For various reasons and at various times during the cycle, fluctuations in hormones such as oestrogen, progesterone, relaxin, and others can cause ligament laxity, which is a relaxation or weakening of the body’s ligaments and muscles. This is troublesome for women suffering with POP, because weaker ligaments around the pelvis mean the already-fatigued muscles in the pelvic floor have to work harder than they already are to support the pelvis.


Oestrogen increases the integrity of soft tissues like muscles and fascia, so when oestrogen levels are high — in the first phase of your cycle, known as the “follicular phase” — your pelvic floor may feel stronger. During menstruation, when oestrogen is lowest, you may notice your pelvic floor muscles (and all muscles in general) are more fatigued or weaker – this is normal!


Remember that for women suffering with POP, rehabilitation efforts are generally focused on strengthening the muscles around the pelvic region, which is why this loosening throughout the hormonal cycle may feel like it’s causing a backslide in symptoms. As noted by Erin Lindberg of Integrative Therapies and Wellness, “ligament laxity [may be] a good thing during labor and delivery, but not so good afterward in relation to the pelvic floor.”

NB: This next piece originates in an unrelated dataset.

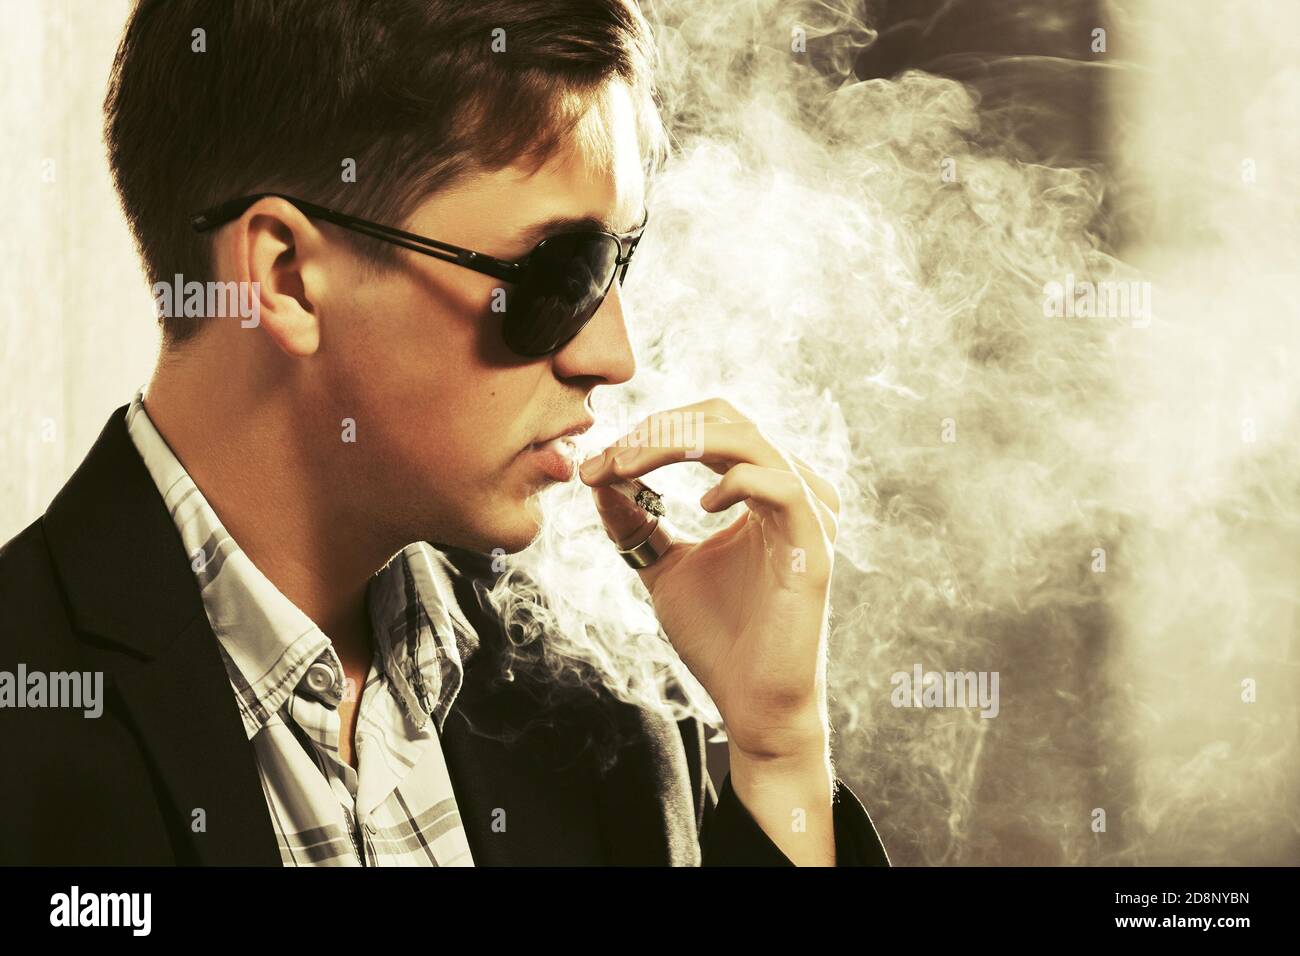 Young man in sunglasses smoking a cigarette on city street  Stylish fashion male model in black suit jacket Stock Photo

Like most things in life, the addition of stress can make this feedback loop even worse. Chronic stress can cause the adrenals to work overtime, which causes not only more ligament laxity, but dehydration as well. Dehydration can cause the muscles in the pelvis to be drier and tighter, which can also worsen symptoms of POP.

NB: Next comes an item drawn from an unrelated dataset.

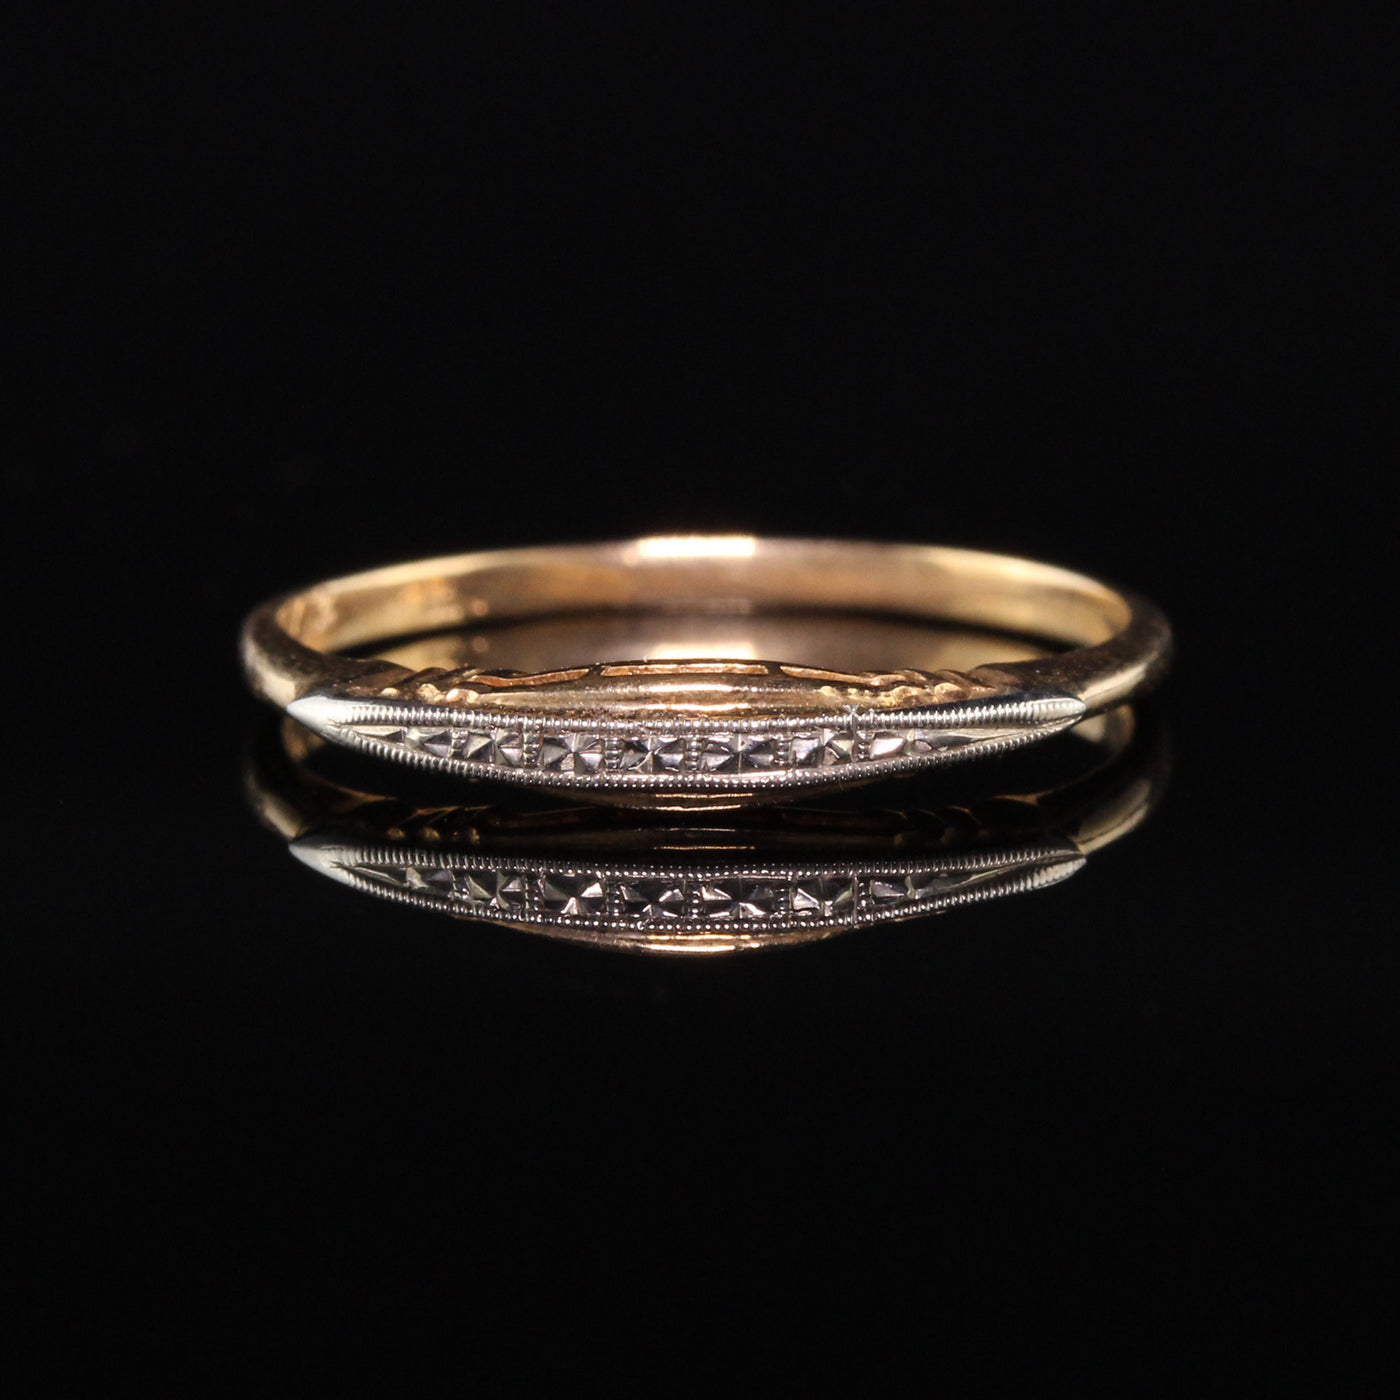 Antique Art Deco 14K Yellow Gold Two Tone Engraved Wedding Band - Size 6

So what can women do about all this? Charting your cycle — which simply means keeping track of when you menstruate and how you’re feeling throughout the month — has several benefits, including tracking your mood, energy levels, and overall well being. From the perspective of POP management, the knowledge of when you’re likely to experience an increase in symptoms can calm some of the anxiety often associated with this time.

When you feel that discomfort, you’ll know it’s not because you’re sliding backwards in your rehabilitation efforts, but rather, it’s simply because of your hormones. As an added benefit, it can also provide insight that can help you organise your month, such as what plans to say yes to and which ones to decline, and when to schedule in rest.


When it comes to hypopressives, I have personally found that doing a solid hypopressive practice the day before menstruating makes for a much easier day one and two of my cycle. Some people avoid practice on their first couple bleed days depending on how heavy their cramping is, however if you feel up to it, you could try a short practice and see how your symptoms feel. It is something to play around with and see what works for you.

The main thing is to pay attention to your body, don’t punish yourself or assume it’s your fault, and know that with dedication and patience, it is entirely possible to improve symptoms of POP over time.